**What the exercise asks:**
Please transcribe the listing below in full and word for word, without its pictures.

**Dataset content:**
....................
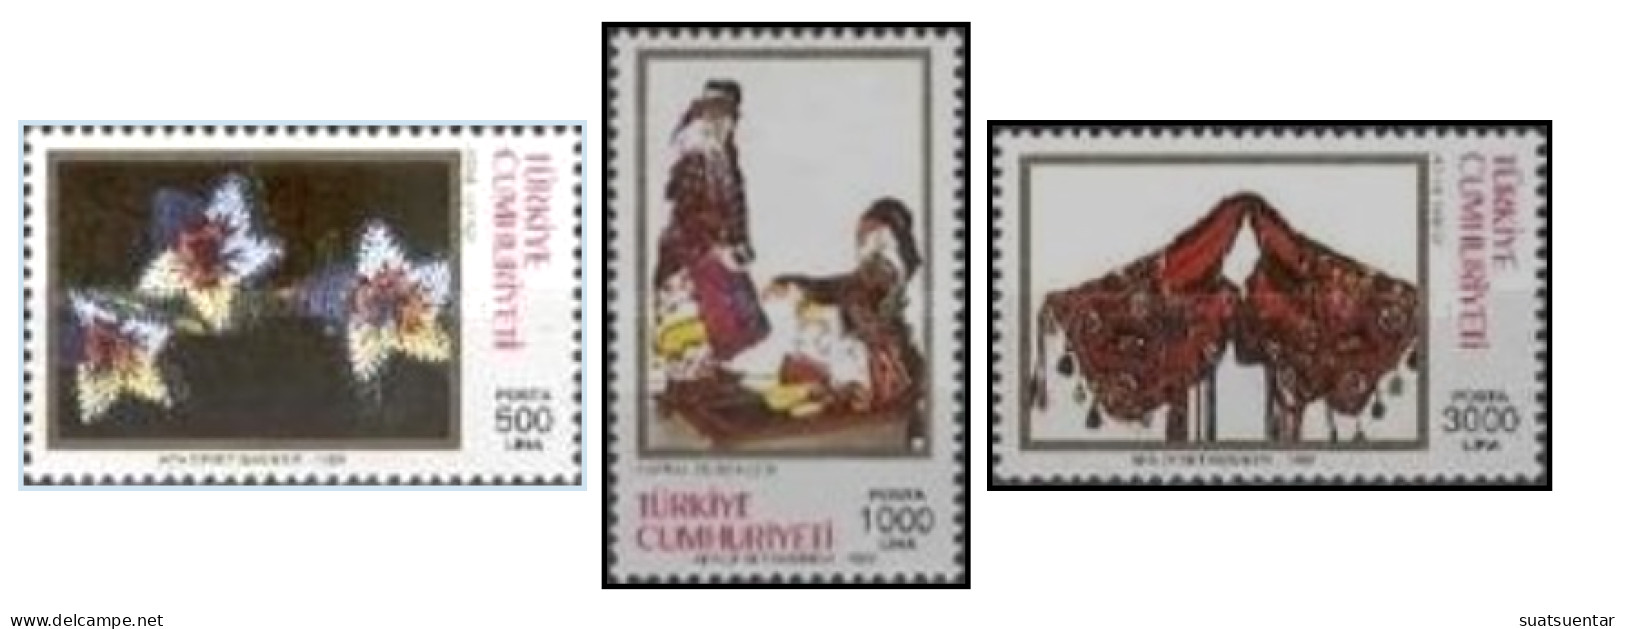 1992 Traditional Crafts MNH - Ongebruikt
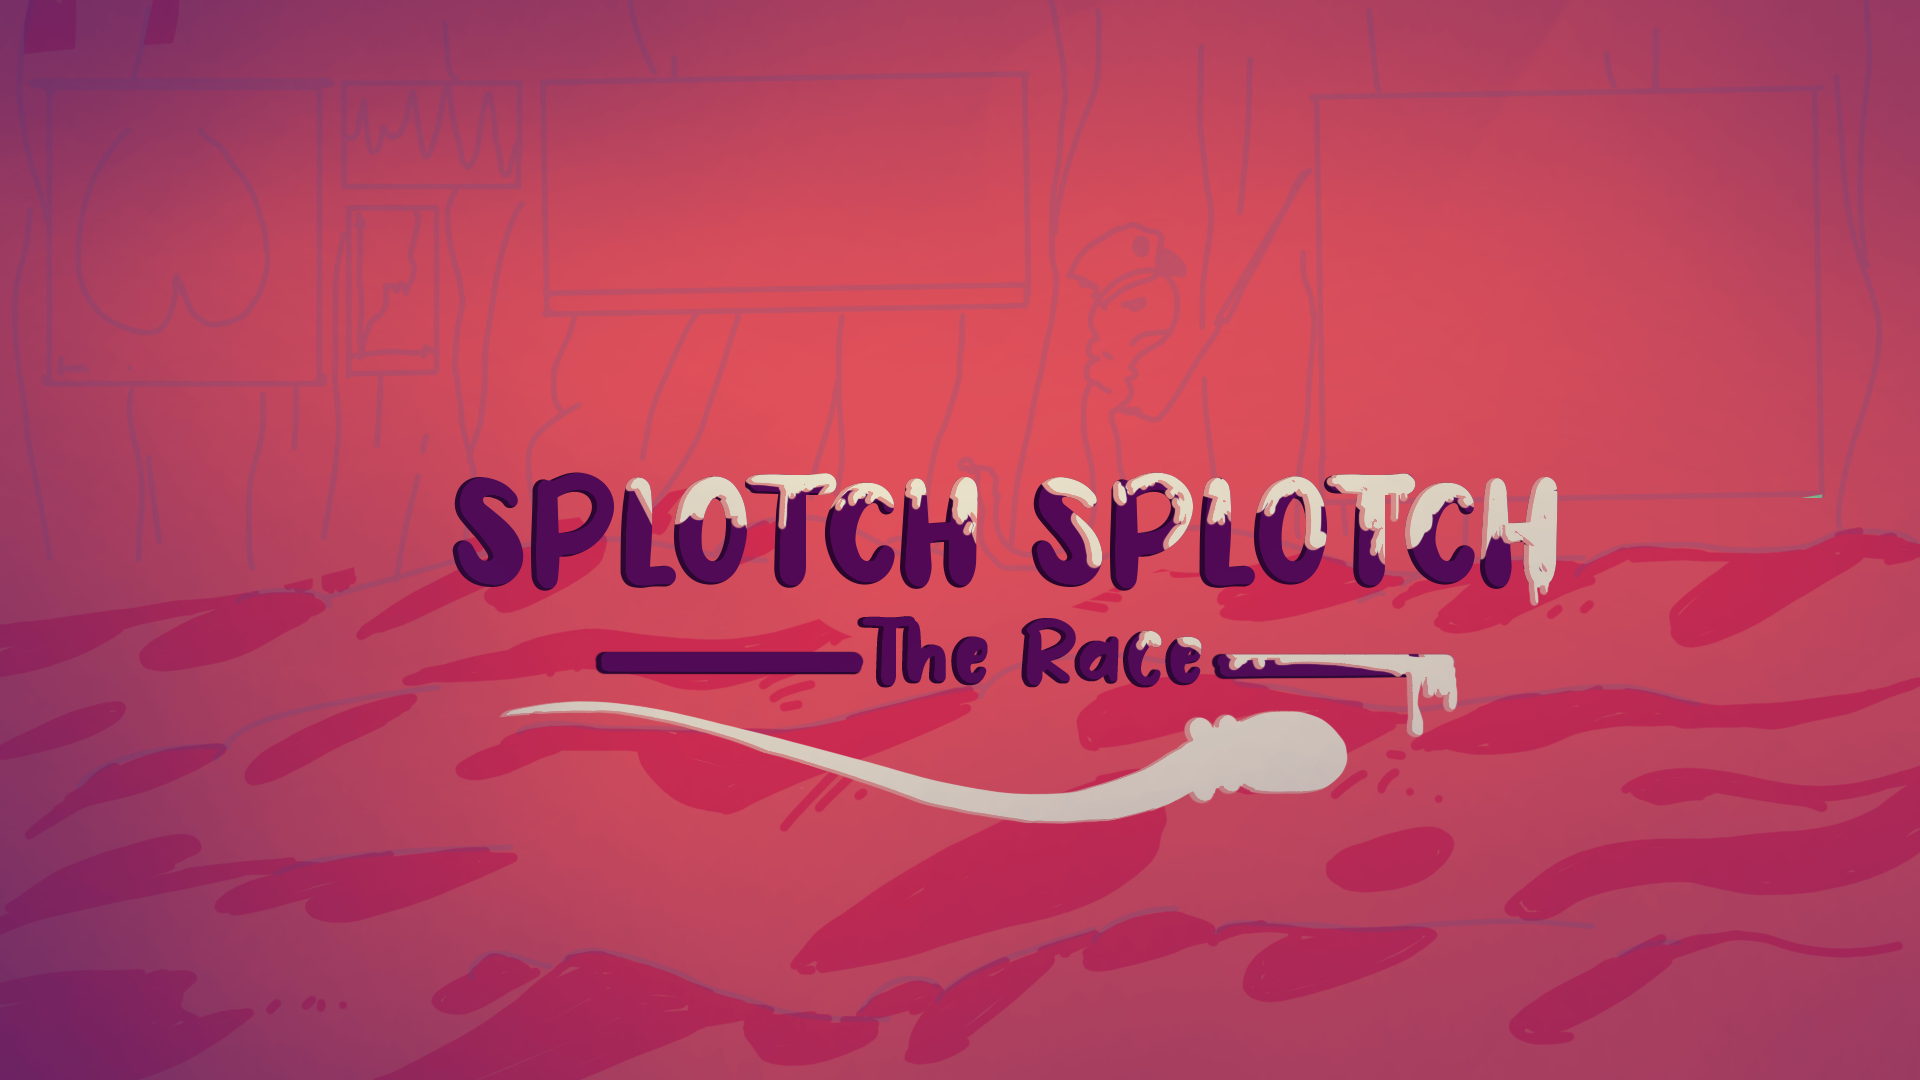 Splotch Splotch - The Race
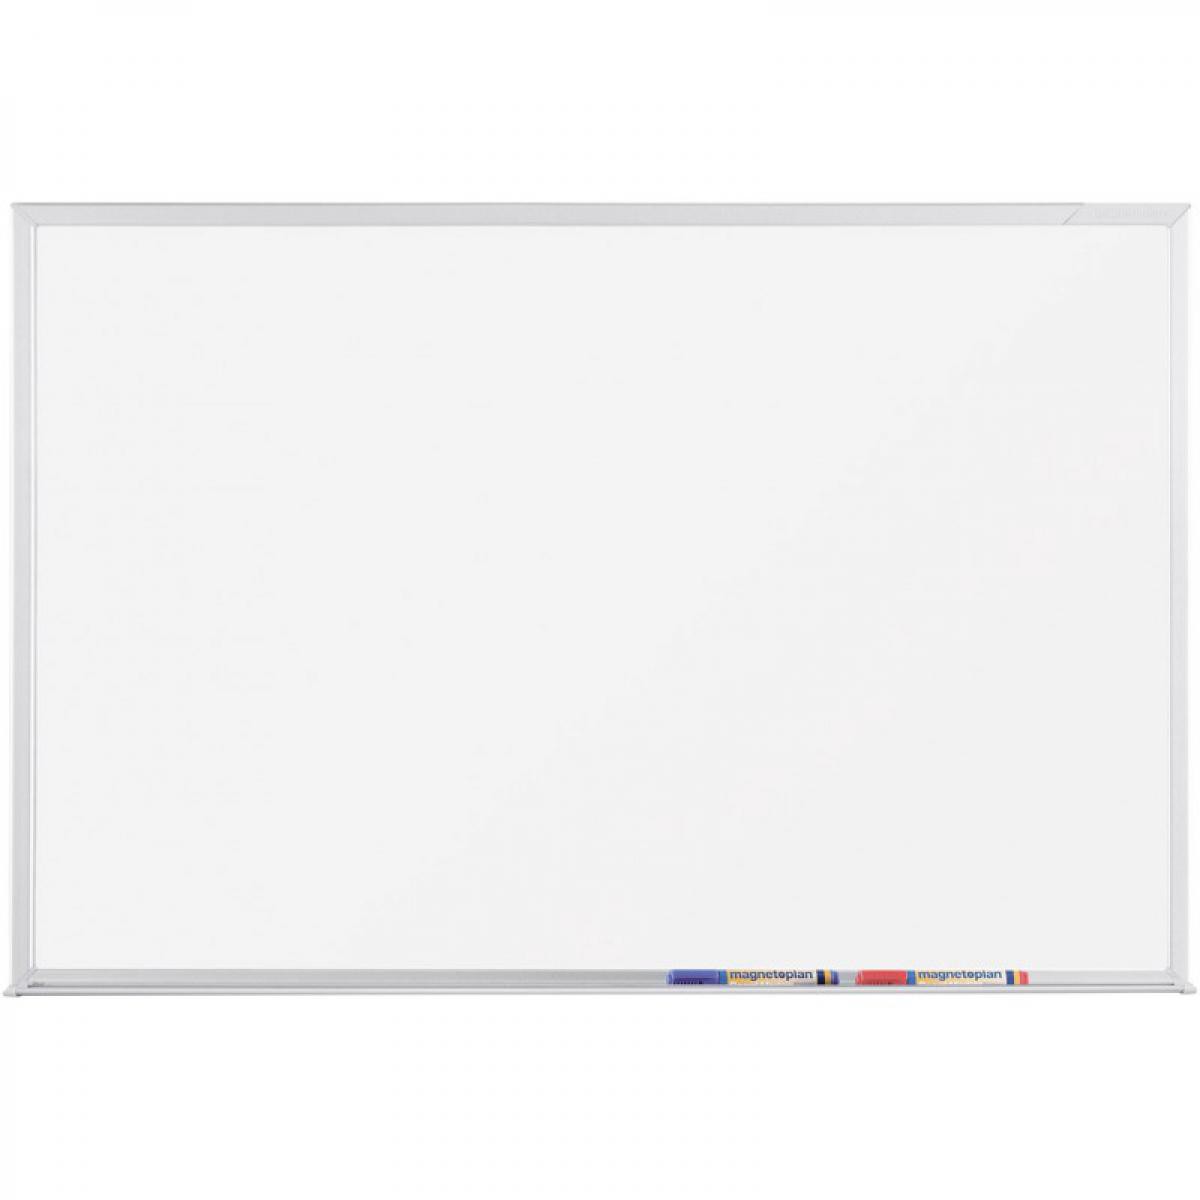 Magnetoplan - Tableau blanc à surface émaillée, 1200 x 900 mm - Magnetoplan CC - Visserie
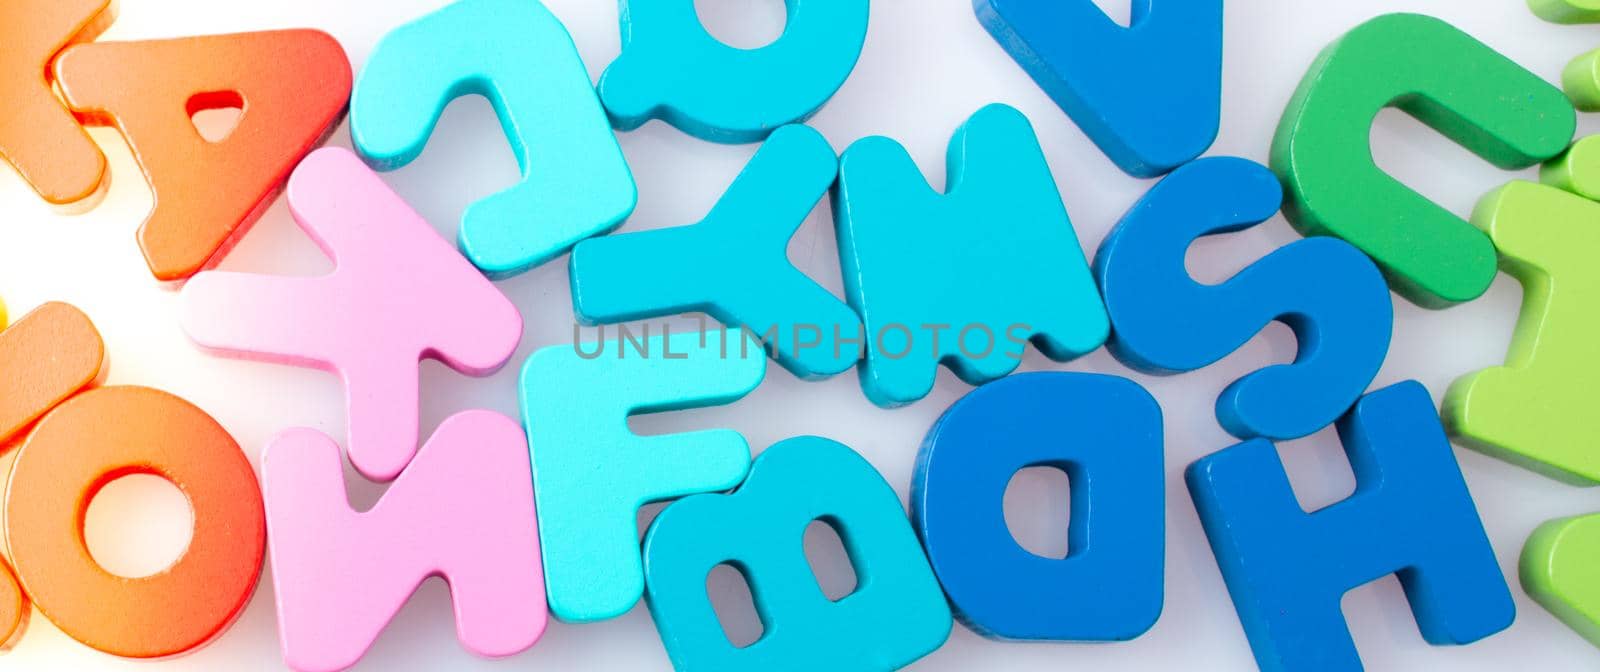 Colorful alphabet letter blocks scattered randomly on white background
....................
**Exercise solution:**
 1992 Traditional Crafts MNH - Ongebruikt
 Splotch Splotch - The Race
 Magnetoplan - Tableau blanc à surface émaillée, 1200 x 900 mm - Magnetoplan CC - Visserie
 Colorful alphabet letter blocks scattered randomly on white background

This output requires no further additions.